See [`CHANGELOG.md`](CHANGELOG.md) for the full version history
(v0.1.0 through v0.7.15). For forward direction, see
[`docs/v0.8.0-plan.md`](docs/v0.8.0-plan.md) (the OSS-native AI
moat — DFAH + PRT + MCP + plugin contracts) and
[`docs/ROADMAP.md`](docs/ROADMAP.md) (everything else).
### What works today
- **Gap analysis against 89 bundled frameworks** across four redistribution
tiers:
- **Tier A — US federal (25 frameworks, verbatim public domain):**
NIST 800-53 Moderate sample, 800-171 Rev 2/Rev 3, 800-172, CSF 2.0,
AI RMF 1.0, Privacy Framework 1.0, SSDF 800-218; FedRAMP Rev 5
Low/Moderate/High/LI-SaaS baselines; CMMC 2.0 Levels 1/2/3; HIPAA
Security/Privacy/Breach Notification Rules; GLBA Safeguards, NY DFS
500, NERC CIP v7, FDA 21 CFR Part 11, IRS 1075, CMS ARS, FBI CJIS v6,
CISA Cross-Sector CPGs.
- **Tier A — International (6 frameworks):** UK NCSC CAF 3.2, UK Cyber
Essentials, Australian Essential Eight, Australian ISM, Canada
ITSG-33, New Zealand NZISM.
- **Tier D — Statutory obligations (21 frameworks, government edicts,
uncopyrightable):** EU GDPR, EU AI Act, EU NIS2, EU DORA, UK DPA 2018,
Canada PIPEDA, plus all 15 comprehensive US state privacy laws (CA
CCPA/CPRA, VA, CO, CT, UT, TX, OR, DE, MT, IA, FL, TN, NH, MD, MN).
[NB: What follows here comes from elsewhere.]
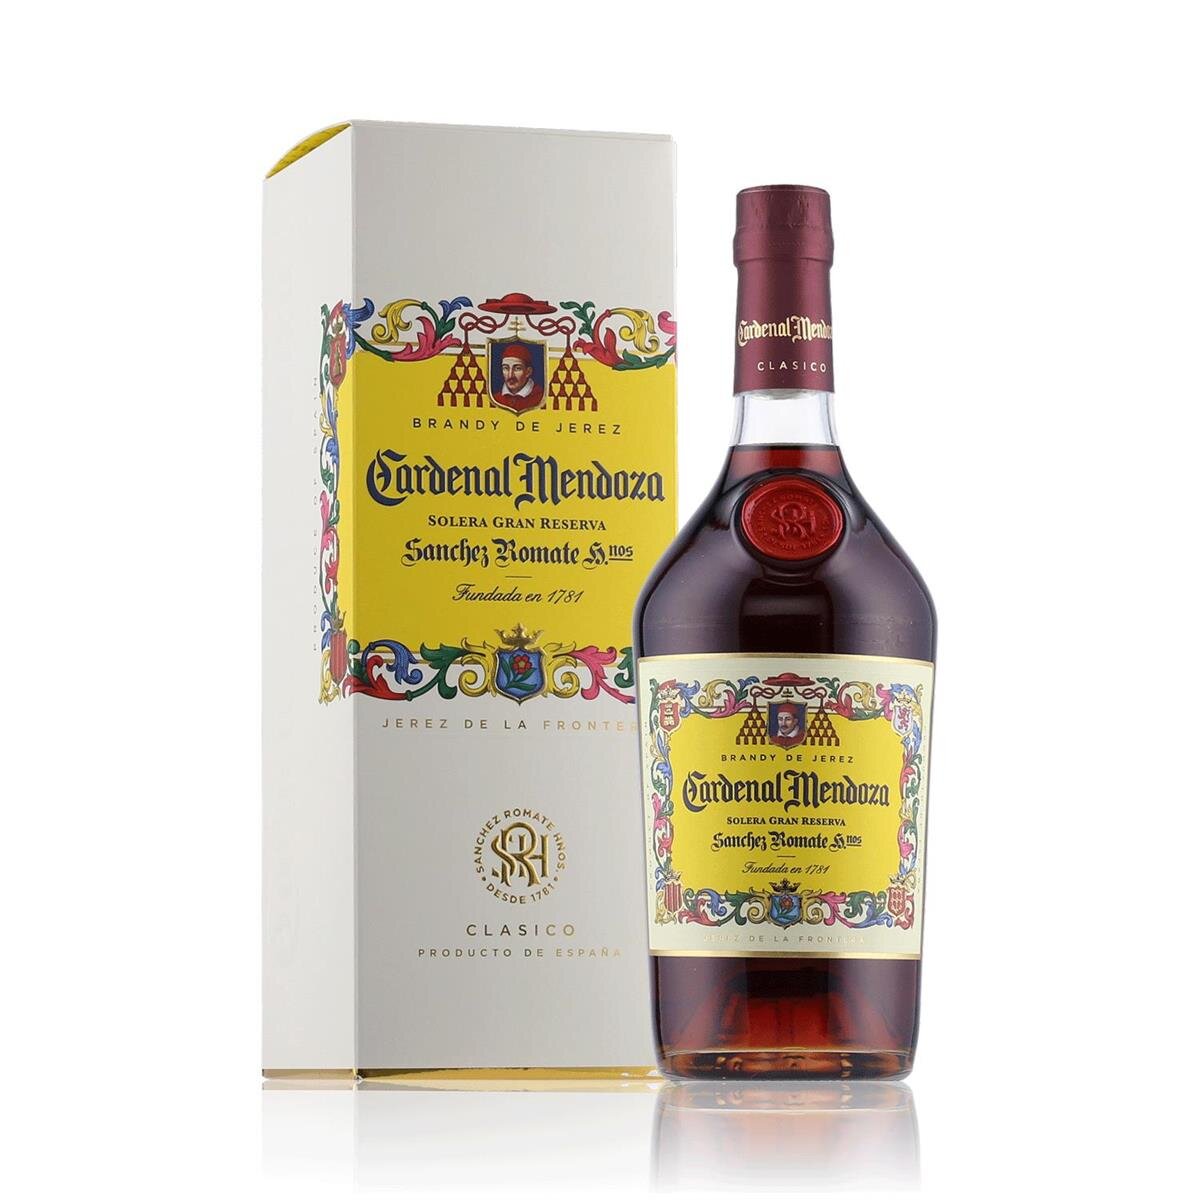 Cardenal Mendoza Solera Gran Brandy Geschenk 40% Vol. 0,7l in Reserva
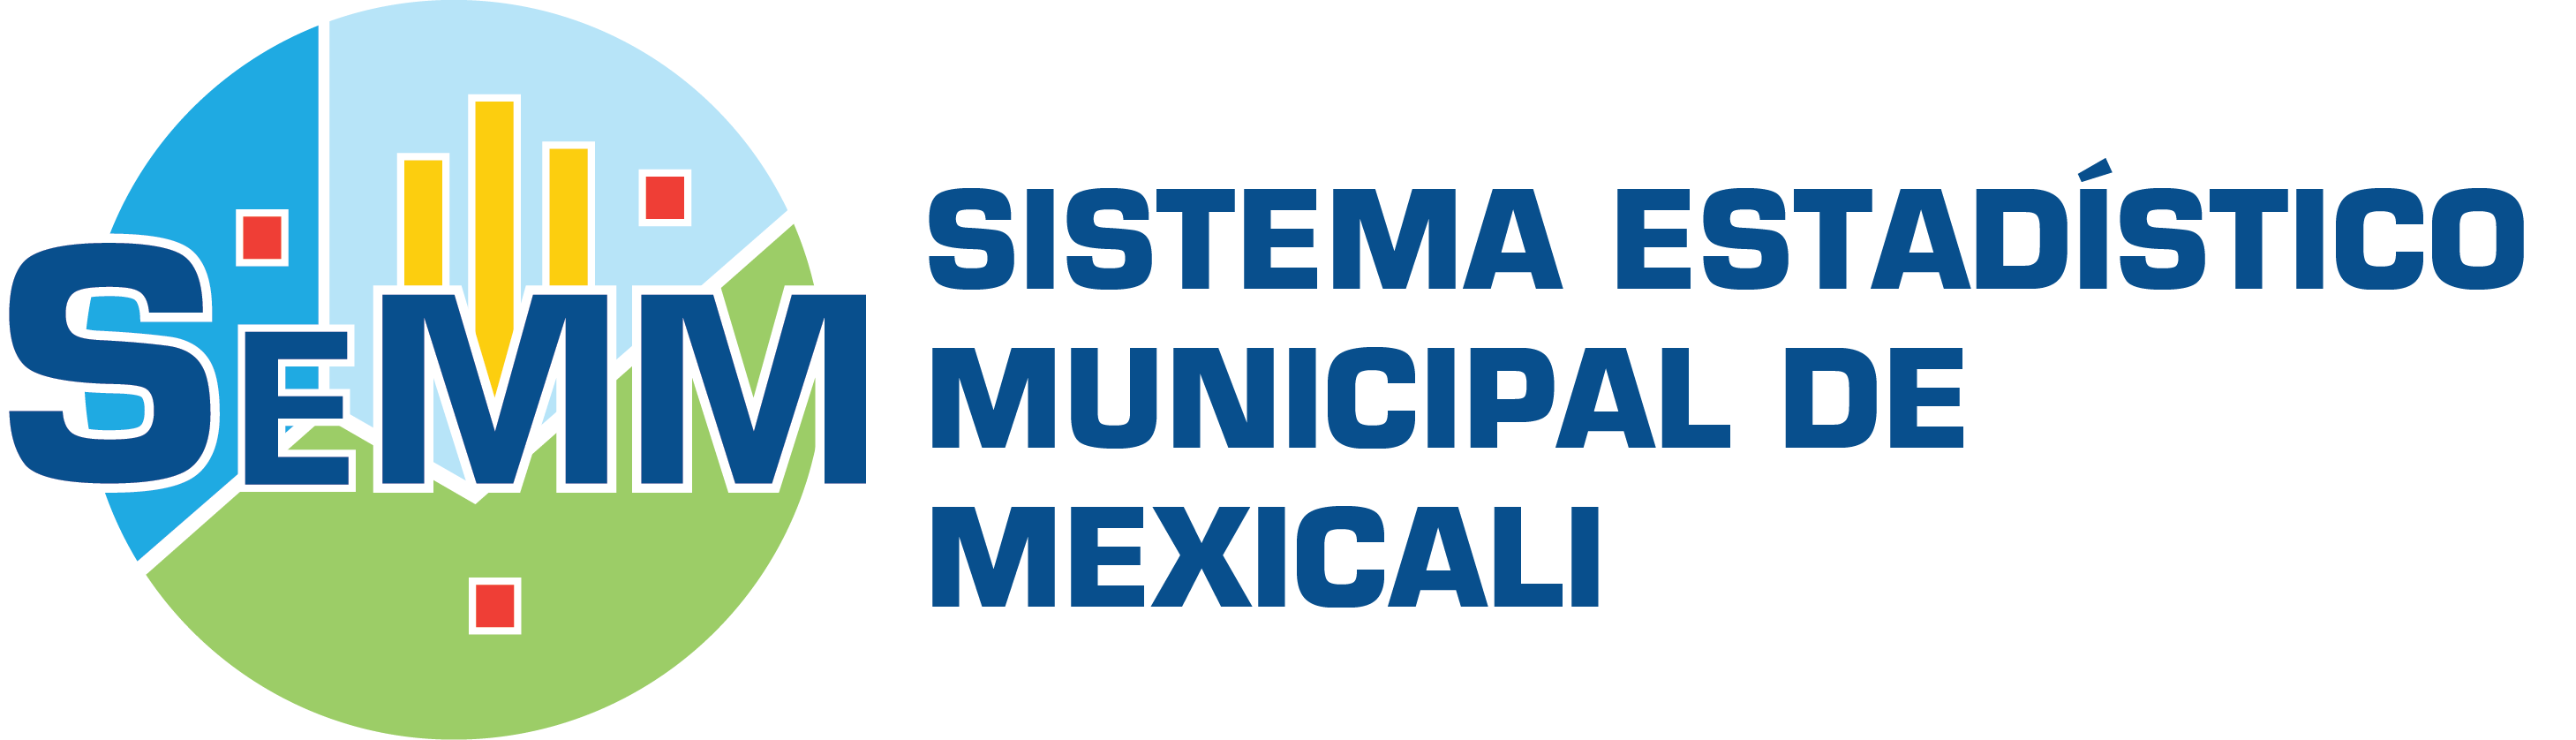 Sistema Estadístico Municipal de Mexicali

- **Tier C — Licensed stubs (20 frameworks):** ISO/IEC 27001:2022,
27002:2022, 27017, 27018, 27701, 42001 (AI), 22301 (BC); PCI DSS
v4.0.1; HITRUST CSF v11; COBIT 2019; SWIFT CSCF 2024; CIS Controls
v8.1 plus 5 CIS Benchmarks (AWS, Azure, GCP, Kubernetes, RHEL 9);
Secure Controls Framework 2024; IEC 62443; SOC 2 TSC. Copyrighted
authoritative text isn't bundled — ships with public clause numbering
plus a `evidentia catalog import` hook for your licensed copy.
- **Tier B — Threat and vulnerability catalogs (4 frameworks):** MITRE
ATT&CK Enterprise (41 techniques), MITRE CWE Top 25 (2024), MITRE
CAPEC sample, CISA KEV sample (Log4Shell, MOVEit, EternalBlue, etc).
- **Six bundled crosswalks:** NIST CSF 2.0 → 800-53, FedRAMP Moderate →
CMMC L2, NIST 800-53 → HIPAA Security, ISO 27001 → NIST 800-53, VCDPA →
CCPA/CPRA, NIST 800-53 → SOC 2 TSC.
- **Multi-format inventory parsing.** Load your controls from YAML, CSV, JSON
(including OSCAL component-definition), or any format with fuzzy-matched
column headers. Status normalization handles "implemented", "partial",
"planned", "in progress", "missing", etc.
- **Cross-framework crosswalk engine.** Bidirectional mapping index: ask
"what NIST 800-53 controls satisfy my SOC 2 criterion?" or "what CMMC
Level 2 controls match my FedRAMP Moderate posture?". v0.2.0 ships six
bundled crosswalks (118 mappings total). Custom crosswalks are
drop-in JSON files in `catalogs/data/mappings/`.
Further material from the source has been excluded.